When thinking about questions along these lines, I always try to remember the bent-bond description of ethylene. In all aspects related to physical reality (structure, electron distribution, etc.) the bent bond model pictured below on the right is equivalent to the pi model shown on the left (at least within the scope of all measurements made to date).
![enter image description here](https://cdn.statically.io/img/i.sstatic.net/IJHl0.gif)
The "nice" thing about the bent bond model is that it casts ethylene as a highly-strained, two-membered ring. When wouldn't releasing this strain and forming sigma bonds be an energy lowering process. Aside from conjugated examples, I think that transformation of a strained, ethylenic system to a saturated, sigma-bonded system would always be energy lowering.
EDIT: Further Thoughts
Instead of analyzing hydrogenations or other reactions where the starting material and product have a different number of atoms, let's consider the following isomerization reaction.
![enter image description here](https://cdn.statically.io/img/i.sstatic.net/6qCcj.jpg)
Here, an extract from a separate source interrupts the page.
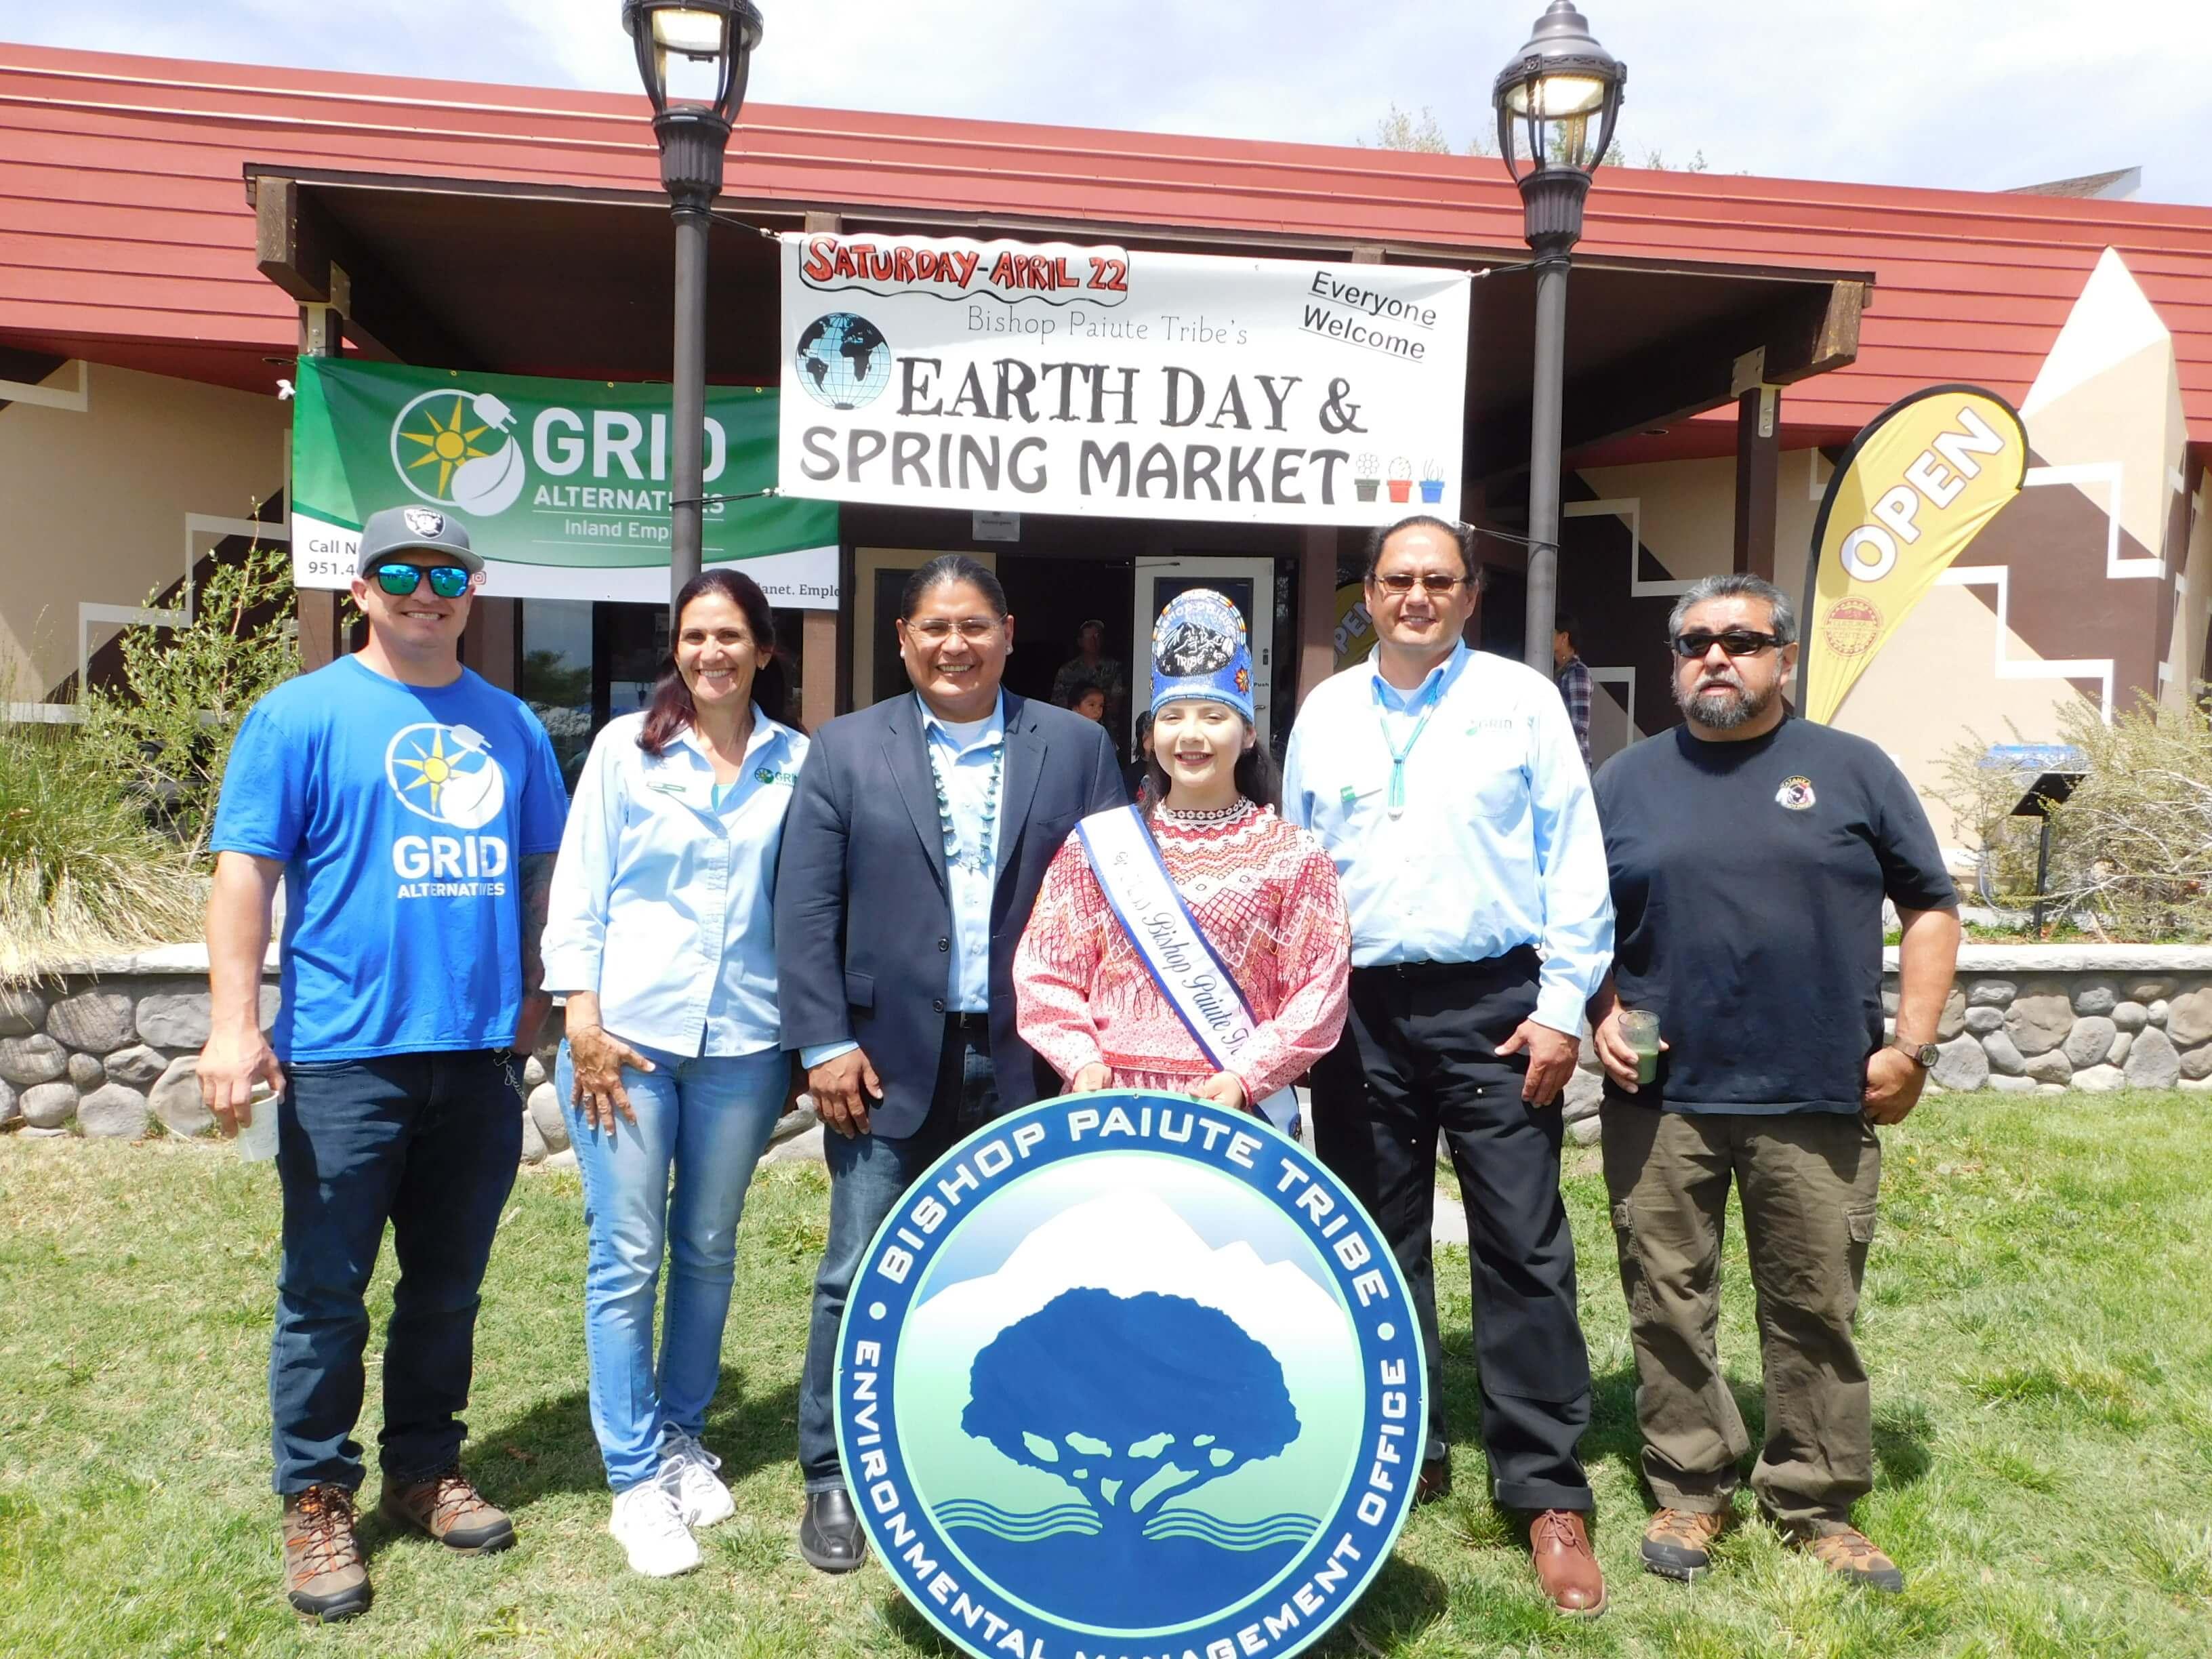 GRID DOE, GRID Complete 56 California Tribal Solar Installations

Thermodynamically, cyclohexane is the most stable $\ce{C6H12}$ isomer in this series by a significant margin. All we've done is convert a C-C pi bond into a C-C sigma bond and convert 3 $\ce{C(sp^2)-H}$ bonds into 3 $\ce{C(sp^3)-H}$ bonds. Which (at least as I read it) was the OP's premise. So I would say that, in carbon-hydrogen systems, pi bonds generally prefer to transform into sigma bonds, as pi bonds are inherently destablilized due to poor overlap (pi model) or strain (bent bond model).
That said, I retract what I wrote above that carbon-carbon pi to sigma transformations would "always" be energy lowering. Consider the photolysis of benzene to produce dewar benzene, prismane and benzvalene. These conversions are examples where one or more pi bonds have been converted to one or more sigma bonds and the reaction is not energetically (thermodynamically) favorable.
![enter image description here](https://cdn.statically.io/img/i.sstatic.net/HqKky.png)
The products are much less stable (due to the strain in the small rings that have been created) than the starting benzene. Because of these relative stabilities, the forward reaction does not occur thermally (in fact, thermally, each of those 3 products will revert to benzene), but by pumping in excess energy photochemically, the transformation can be brought about.
To summarize, I would maintain that generally, in model, carbon-hydrogen systems, ethylenic linkages are destabilized (due to poor overlap in the pi model, or strain in the bent bond model) and will thermodynamically prefer to exist as thermodynamically more-stable saturated linkages.